Star Trek Beyond starts with a joke. It’s not an action moment of much, but a low-quality CGI moment between Kirk and a new race. But I knew what I was getting into when I decided to go see this movie, which is low-quality action. From there, we have a touching moment between Kirk and Bones, a nice moment with Spock, and the film acknowledging the passing of Leonard Nimoy.
Of course, this is supposed to set up the emotional story arc of the film. Instead, it turns into a typical CGI-filled action flick that rotates more from one scene to the next. Watching this movie is like riding a roller coaster for hours! Of course, they have to cut to the Jason Born-inspired shaky camera extreme close-up fight scenes as everything rotates into the same movie tropes we have come to expect from the latest iteration of this franchise. And by that, I mean doing everything that has been done before, just with bigger special effects.
And of course, big surprise, since it’s been a few movies since they last blew up the Enterprise, it’s time to do it again.
The bad guy is the same bad guy we have seen before, bent on destroying worlds or people or whatever. Nothing new to see here, either.

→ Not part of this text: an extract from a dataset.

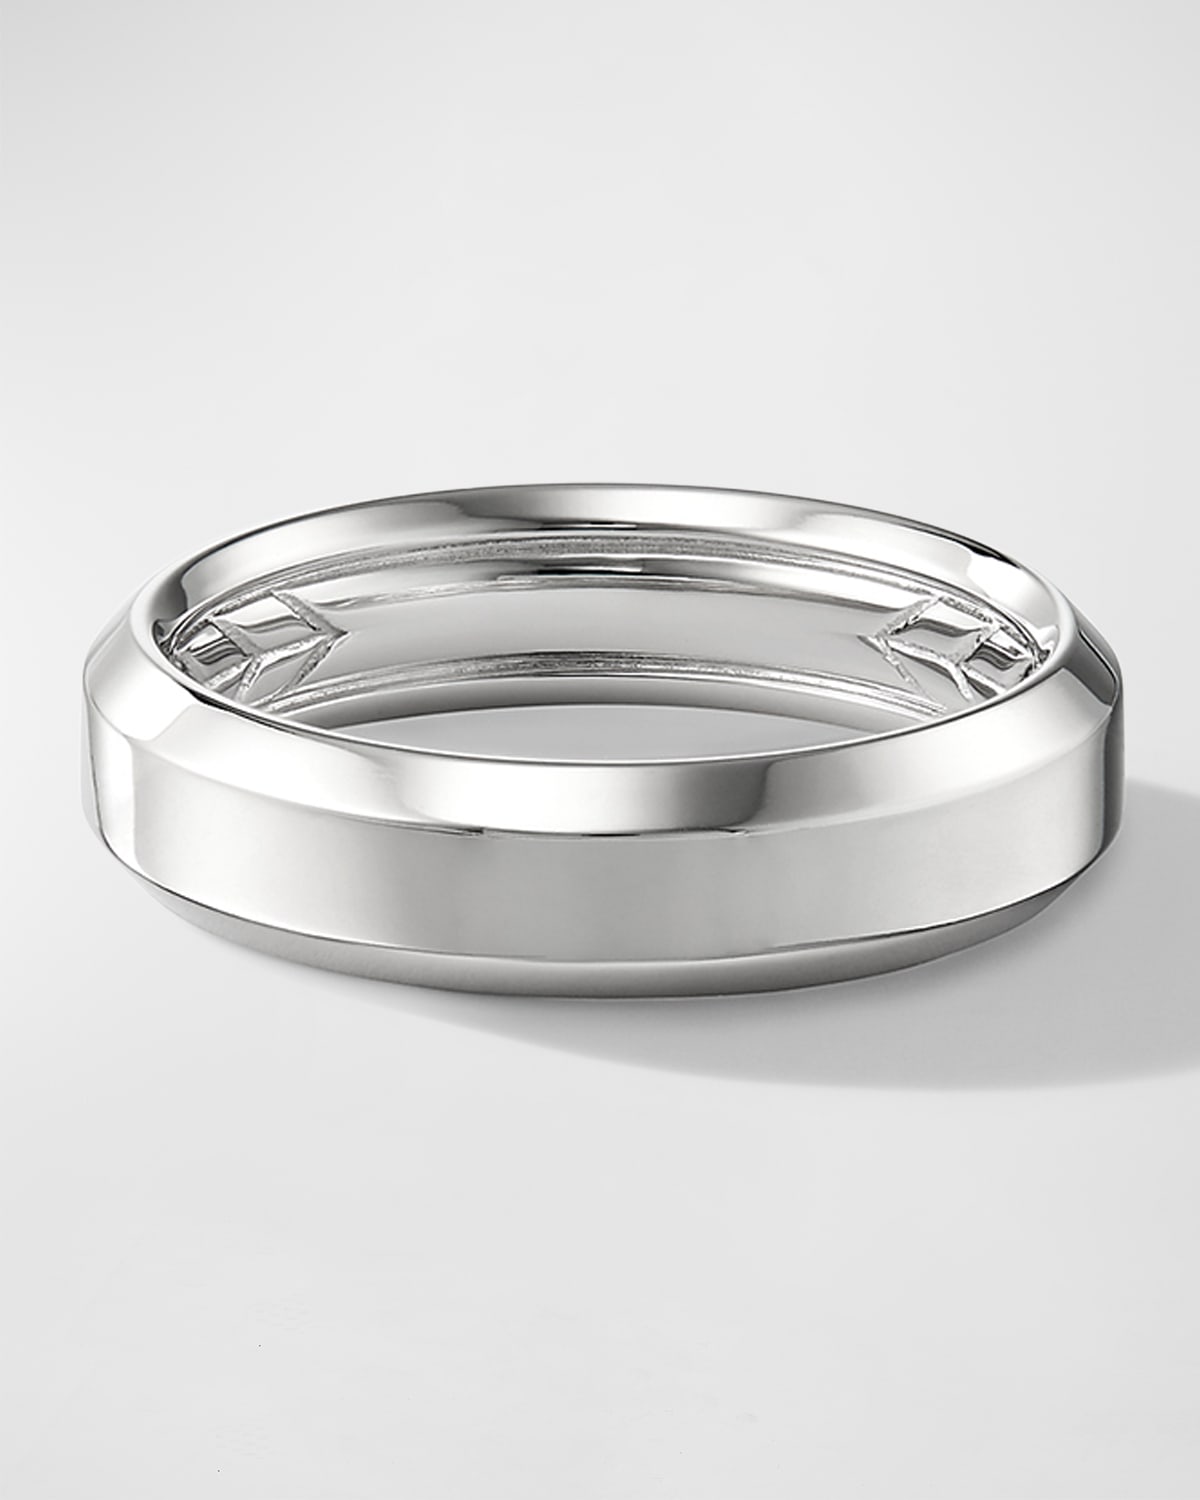 David Yurman Men's Beveled Band Ring In 18k White Gold, 6mm

The movie does have a few redeeming qualities, like Karl Urban’s portrayal of Dr. McCoy. The only one of the crew that seems to have any actual acting talent. Well, him and Sofia Boutella as Jaylah. I’m slowly becoming a fan of hers after Kingsman: The Secret Service and this. But Urban’s and Boutella’s performances aren’t enough to make up for a copy-and-paste script co-written by Simon Pegg. He clearly was heavily influenced by the paycheck, the studio, and what the previous Abrams-produced movies have done, and that is just to copy of previous Star Trek movies. It worked before, so we might as well keep doing it, right?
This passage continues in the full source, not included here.